Description of the task: Print every line from the start of the data, and when you reach the line with "Conformable Traction Grade", include it and stop. Pictures are not part of the copy.

Recorded information:
________________

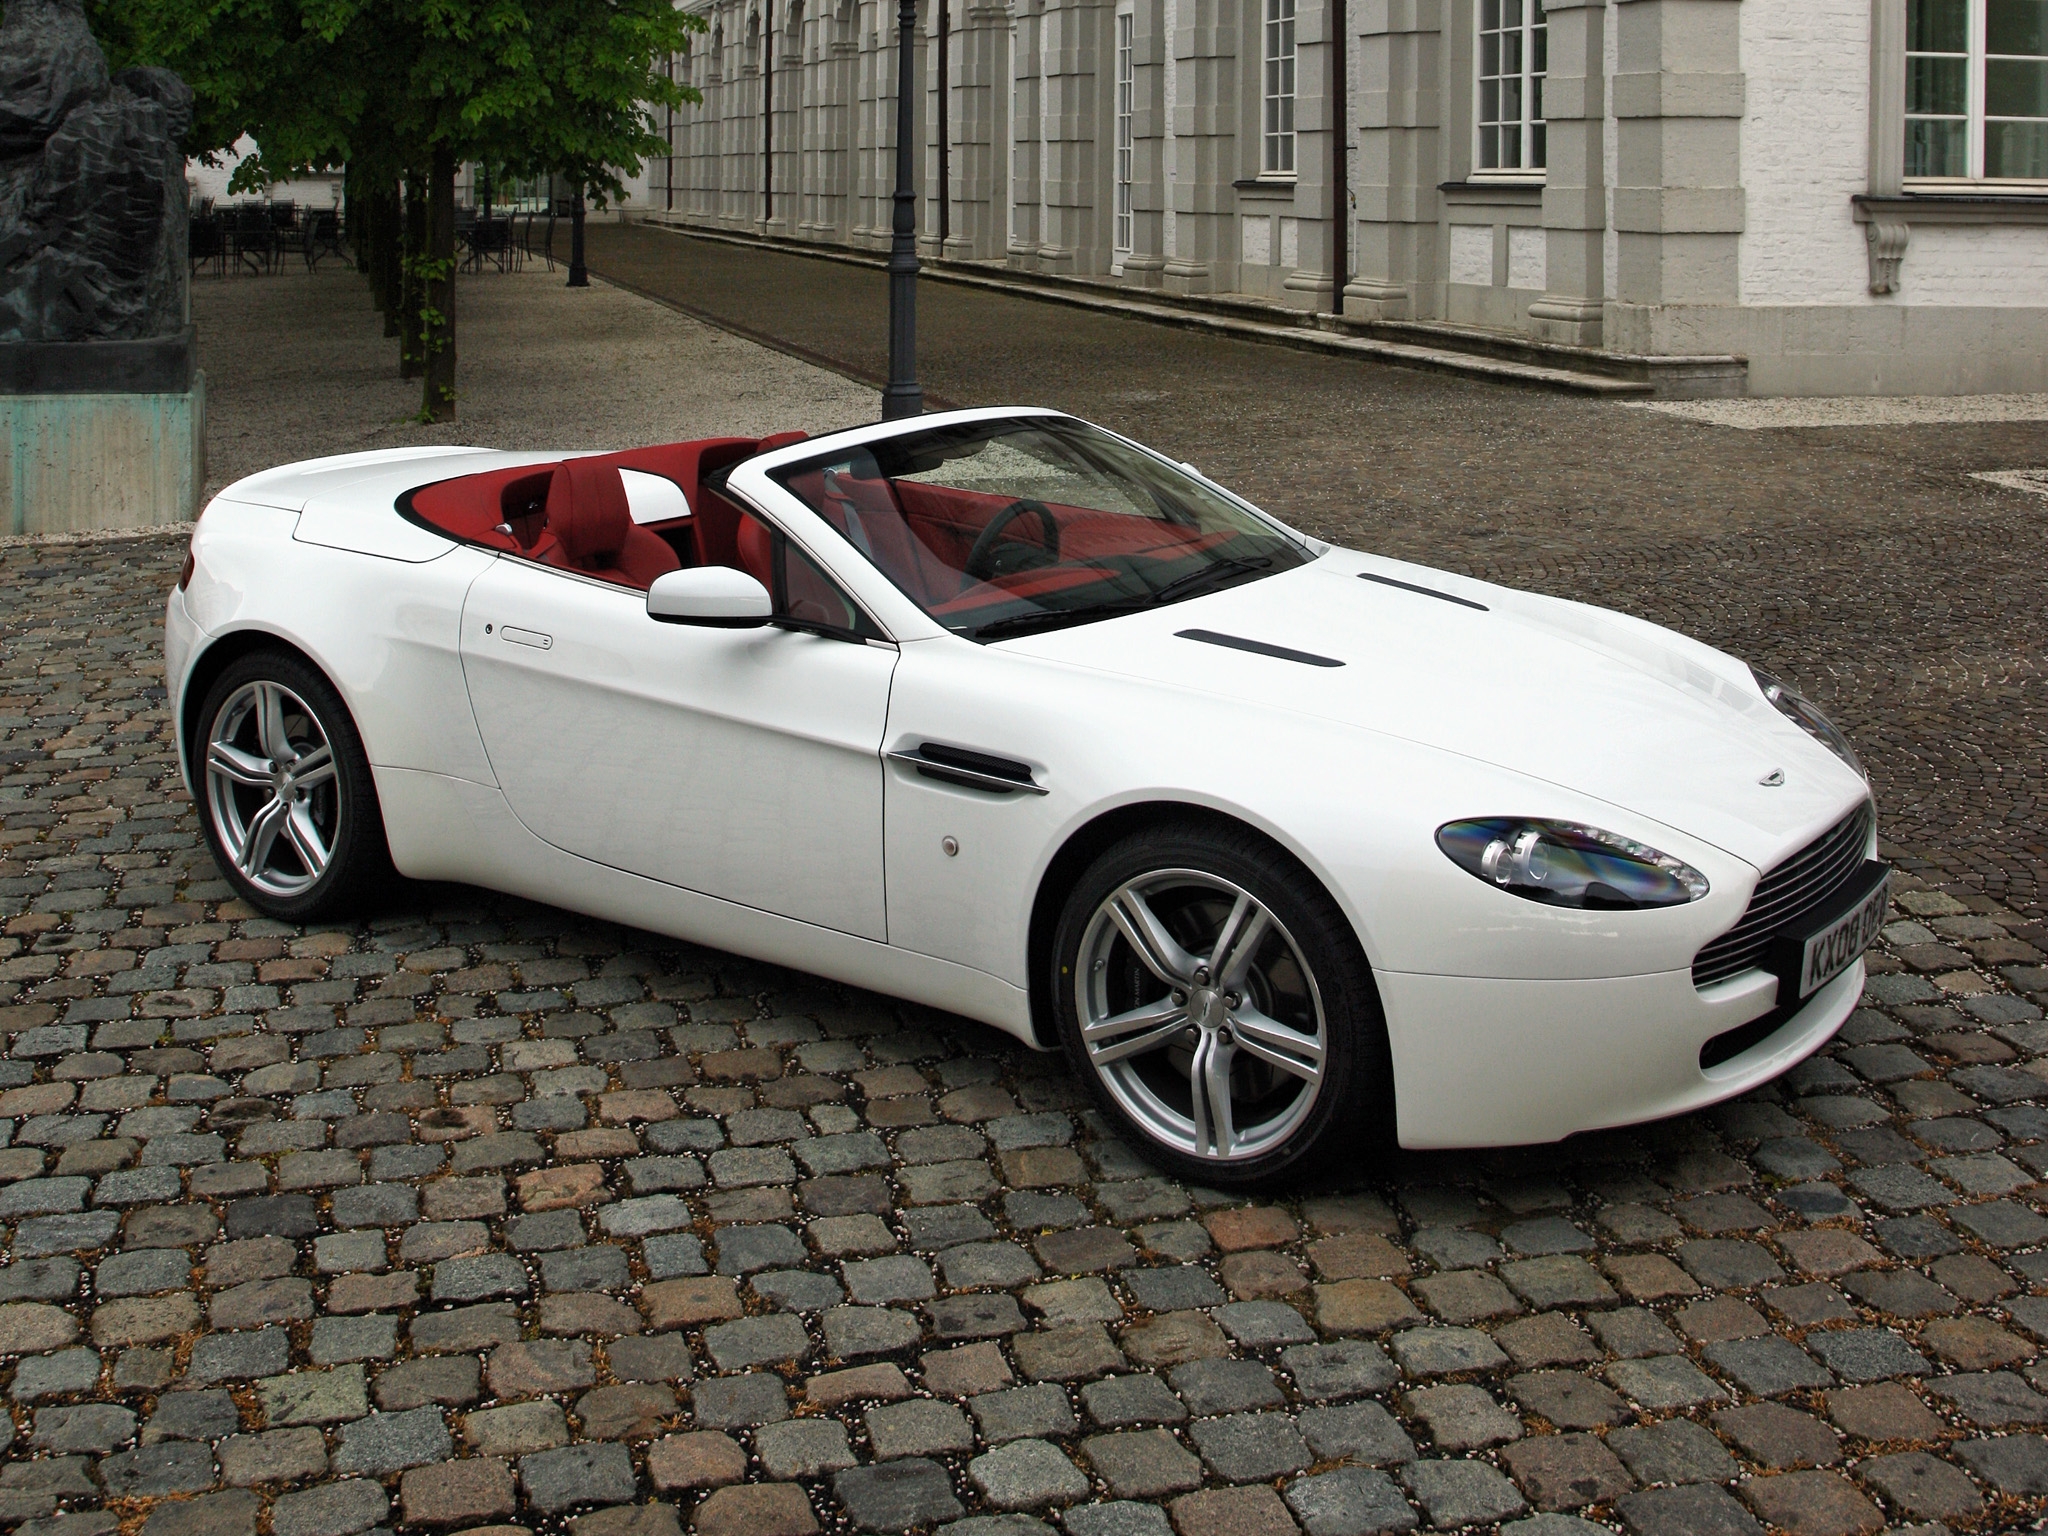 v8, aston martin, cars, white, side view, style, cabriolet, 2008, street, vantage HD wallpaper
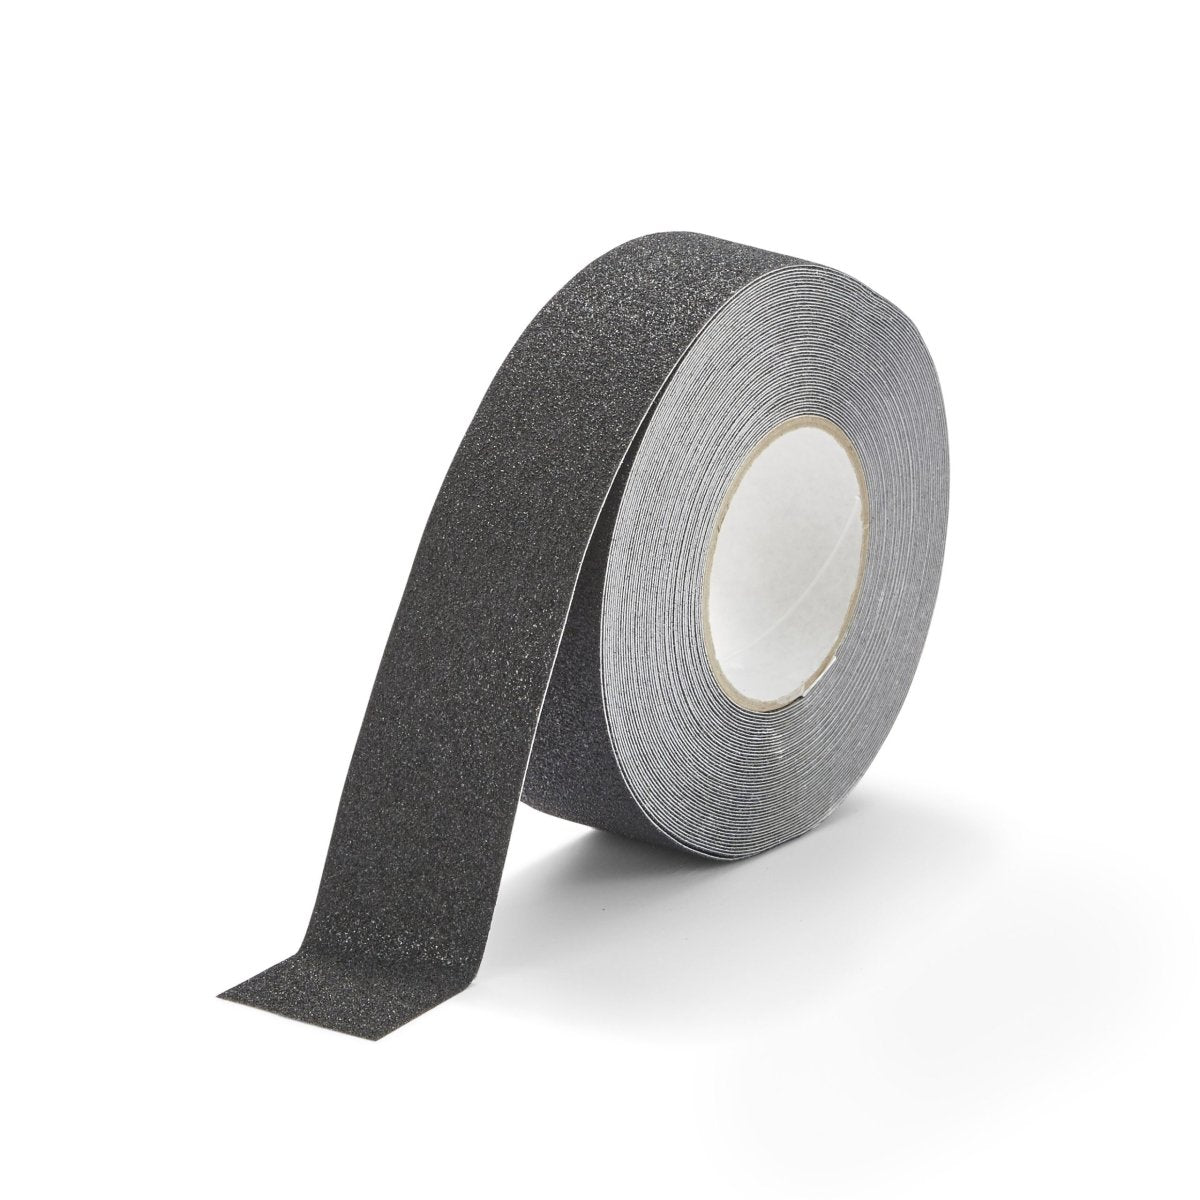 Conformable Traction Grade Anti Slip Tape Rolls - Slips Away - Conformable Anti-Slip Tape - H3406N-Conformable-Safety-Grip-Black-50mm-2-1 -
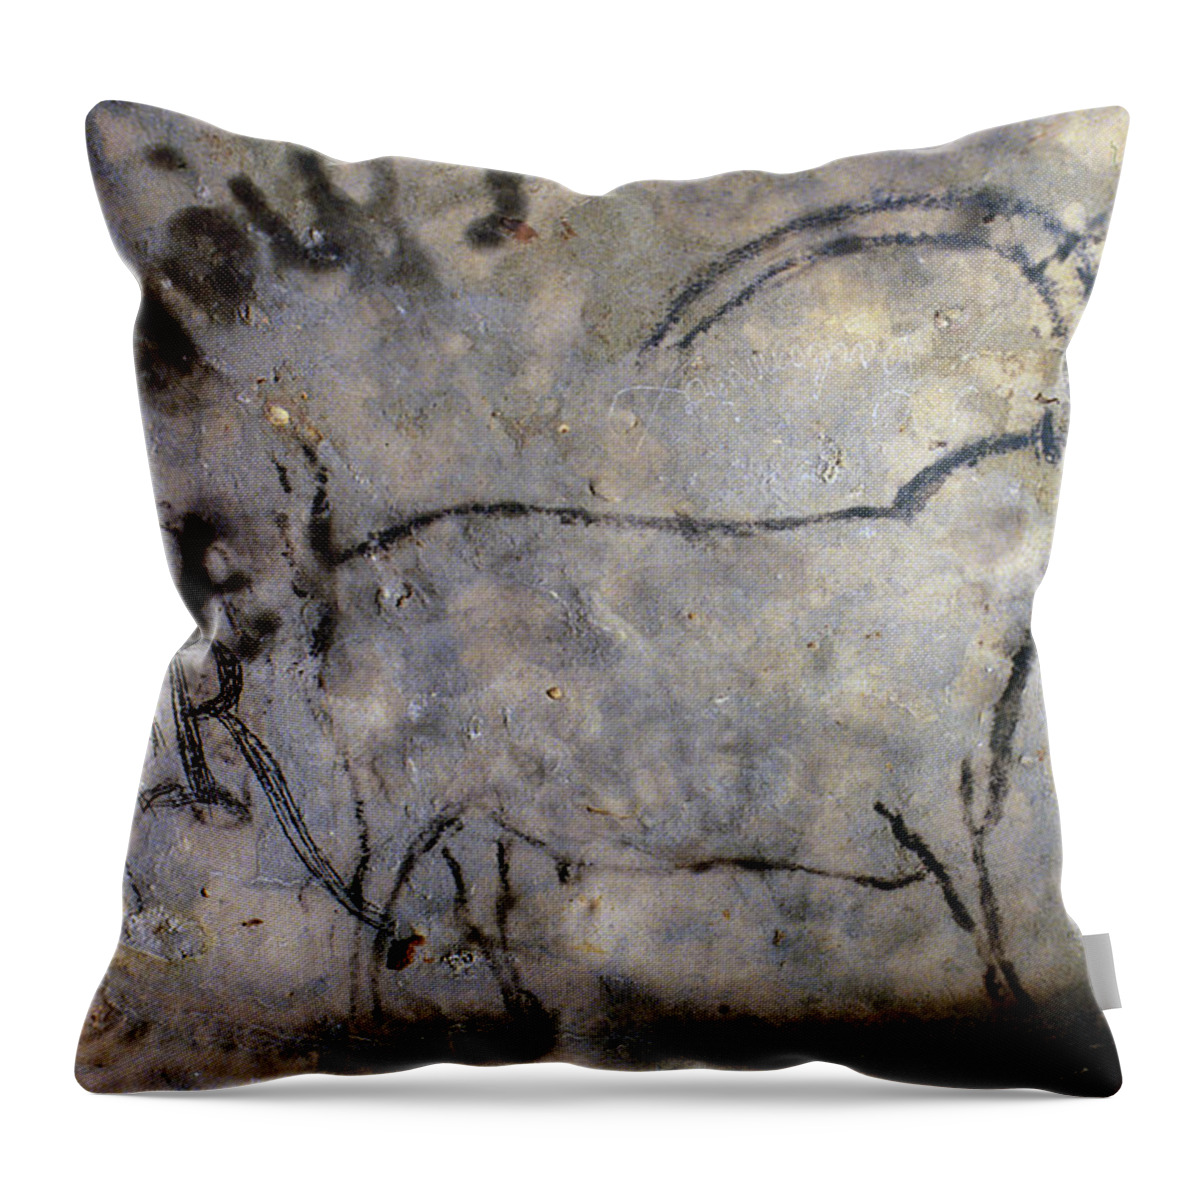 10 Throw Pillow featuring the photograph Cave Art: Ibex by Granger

________________

Answer to the problem:
 v8, aston martin, cars, white, side view, style, cabriolet, 2008, street, vantage HD wallpaper
 Conformable Traction Grade Anti Slip Tape Rolls - Slips Away - Conformable Anti-Slip Tape - H3406N-Conformable-Safety-Grip-Black-50mm-2-1 -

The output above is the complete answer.